Feynman Amplitude Approach to study the Passage of a Jet in a Medium

TL;DR

This paper uses the Feynman amplitude approach to analyze how Bose-Einstein symmetry causes collective momentum transfer during jet-medium interactions, potentially explaining observed angular correlations in high-energy collisions.

Contribution

It introduces a novel application of the Feynman amplitude method to study Bose-Einstein interference effects in jet propagation through a medium.

Findings

Bose-Einstein symmetry leads to destructive and constructive interference regions.

Collective longitudinal momentum transfer occurs along the jet direction.

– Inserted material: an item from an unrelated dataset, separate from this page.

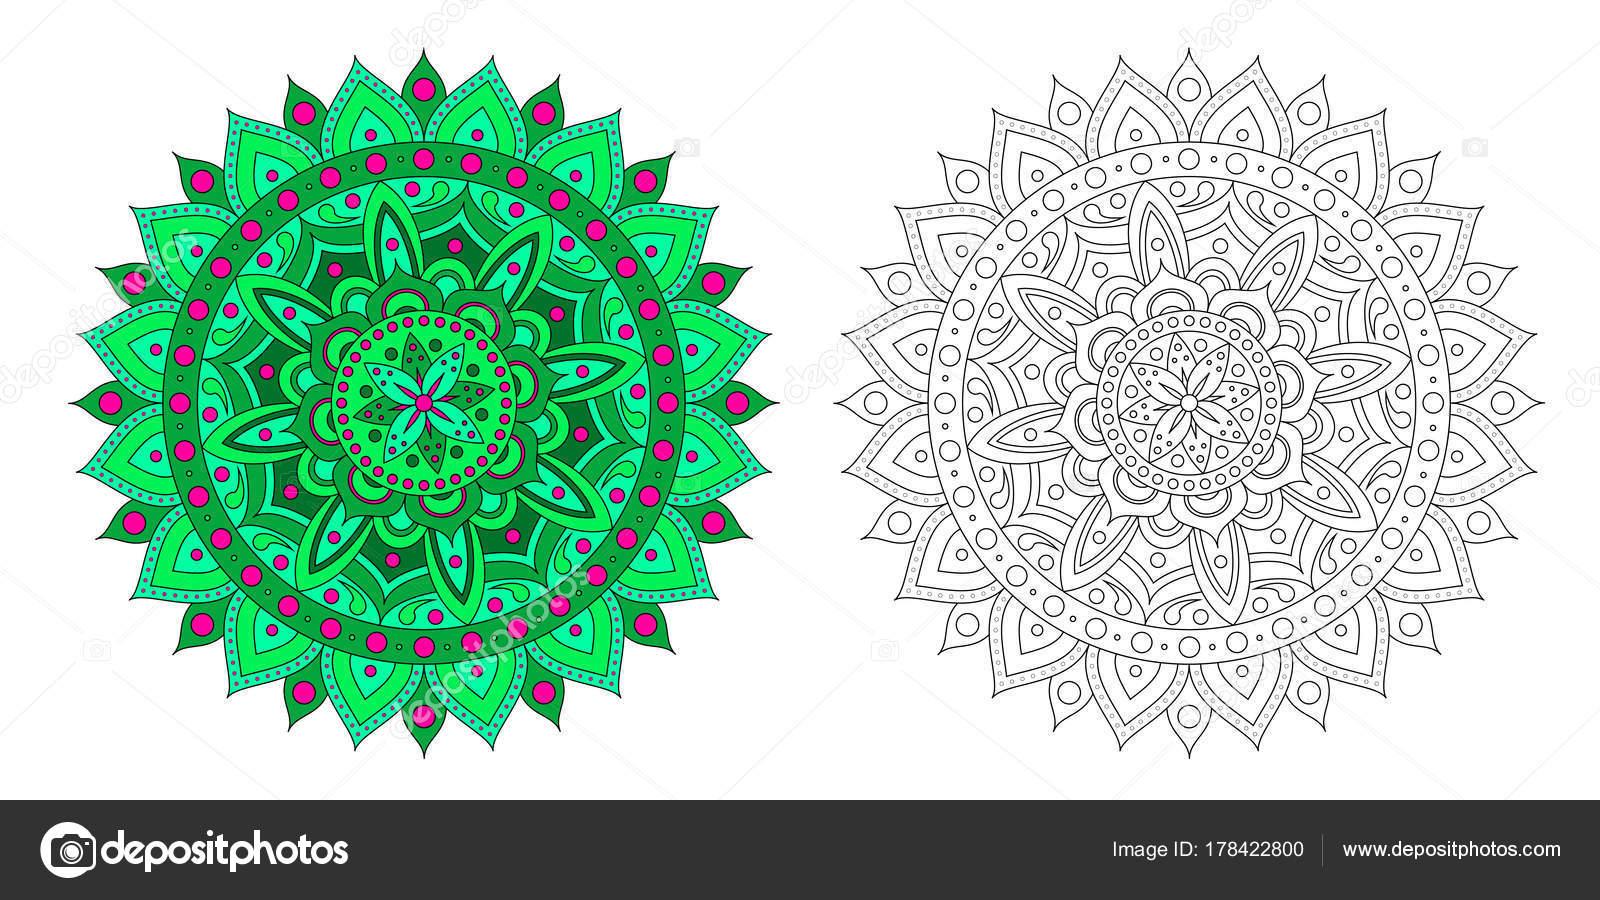 Coloriage Anti Stress Indien.Mandala Vert Rose Motif Contour Mandala Coloriage Stress

Possible explanation for angular correlations observed at RHIC and LHC.

Abstract

In the Feynman amplitude approach for coherent collisions of a jet with medium partons, the Bose-Einstein symmetry with respect to the interchange of the exchanged bosons leads to a destructive interference of the amplitudes in most regions of the phase space but a constructive interference in some other regions. As a consequence, there is a collective longitudinal momentum transfer to the scatterers along the jet direction, each scatterer carrying a substantial fraction of the incident jet longitudinal momentum. The manifestation of the Bose-Einstein interference may have been observed in angular correlations of hadrons associated with a high-p_T trigger in high-energy collisions at RHIC and LHC.